Soundtrack album by Jed Kurzel
- Released: May 19, 2017
- Studios: Abbey Road Studios, Air Lyndhurst Studios
- Genre: Film score
- Length: 58:57
- Labels: Milan Fox Music
- Producer: Jed Kurzel

Jed Kurzel chronology
| Assassin's Creed (2016) | Alien: Covenant (Original Soundtrack Album) (2017) | Jupiter's Moon (2018) |

= Alien: Covenant (soundtrack) =

2017 film soundtrack album

Alien: Covenant (Original Soundtrack Album) is a soundtrack album for the 2017 science fiction film, Alien: Covenant, composed by Jed Kurzel. It was released on May 19, 2017, by Milan Records and Fox Music. A vinyl pressing of the soundtrack was released on July 7, 2017.

Professional ratings
Review scores
| Source | Rating |
| Allmusic | Star Half star |

==Background==
In February 2016, Harry Gregson-Williams confirmed that he will be scoring Alien: Covenant. Gregson-Williams had previously collaborated with director Ridley Scott on Kingdom of Heaven (2005) and Prometheus (2012). However, in November 2016, Gregson-Williams revealed that he was no longer attached to the film.

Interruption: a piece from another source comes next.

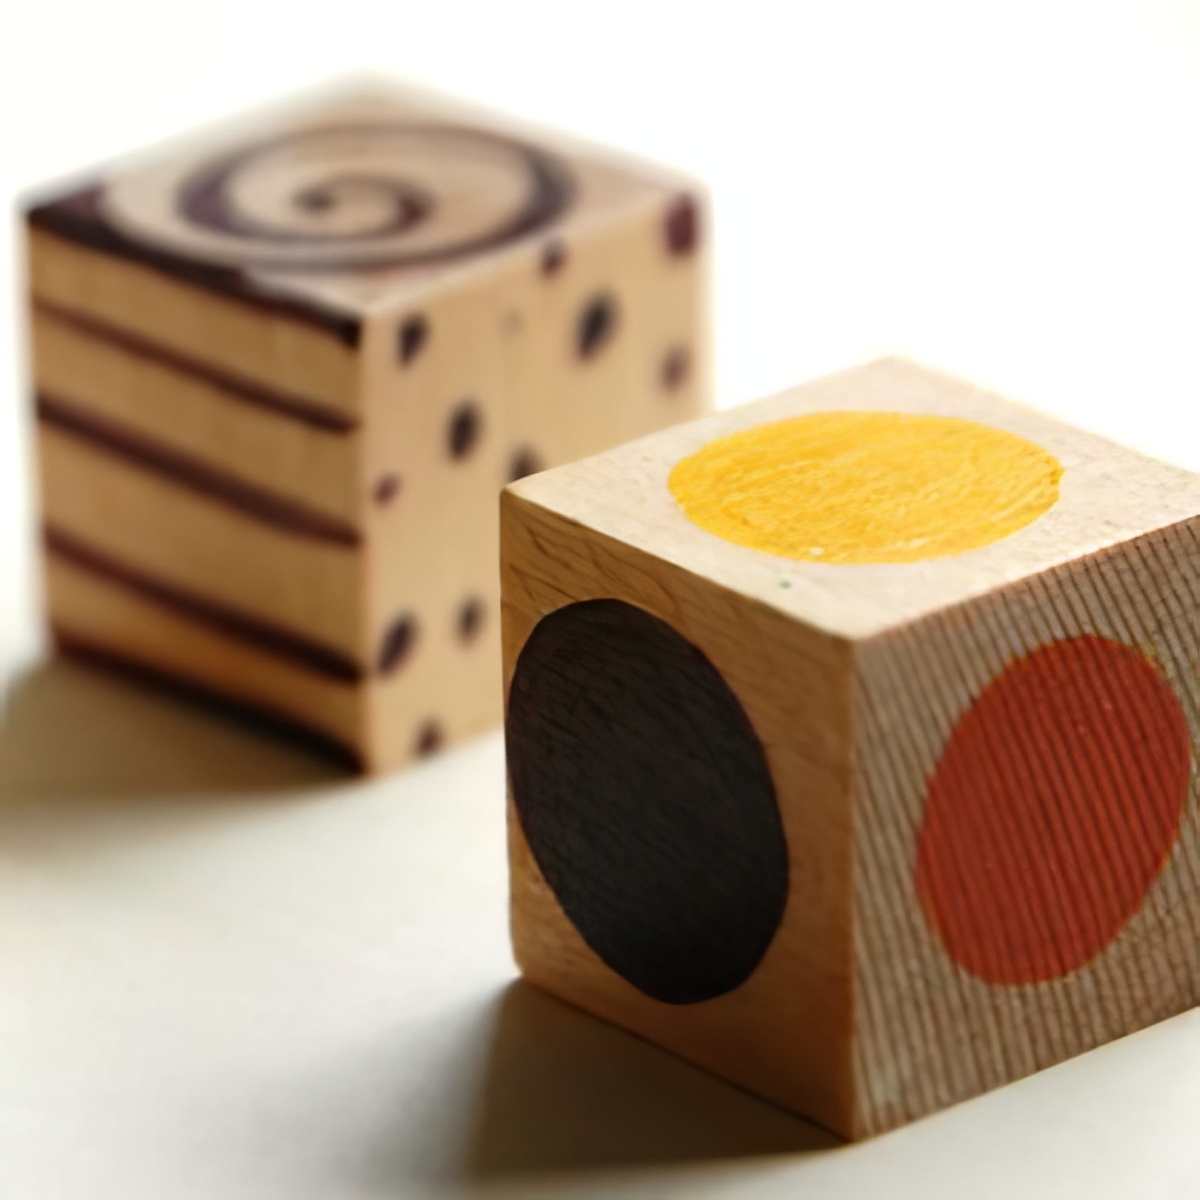 Grabe these colorful homemade dice and add colors as you play board games with your kids indoors!

Upon the release of the film's first trailer, it was revealed that Australian musician and composer Jed Kurzel would take over composing duties. "When I first met Ridley, we talked a lot about these organic-sounding instruments being corrupted either by foreign sounds or from within themselves," said Kurzel on his writing process. "Even within the more lush orchestral pieces there are elements suggesting a threatening presence, like breaths and pulses."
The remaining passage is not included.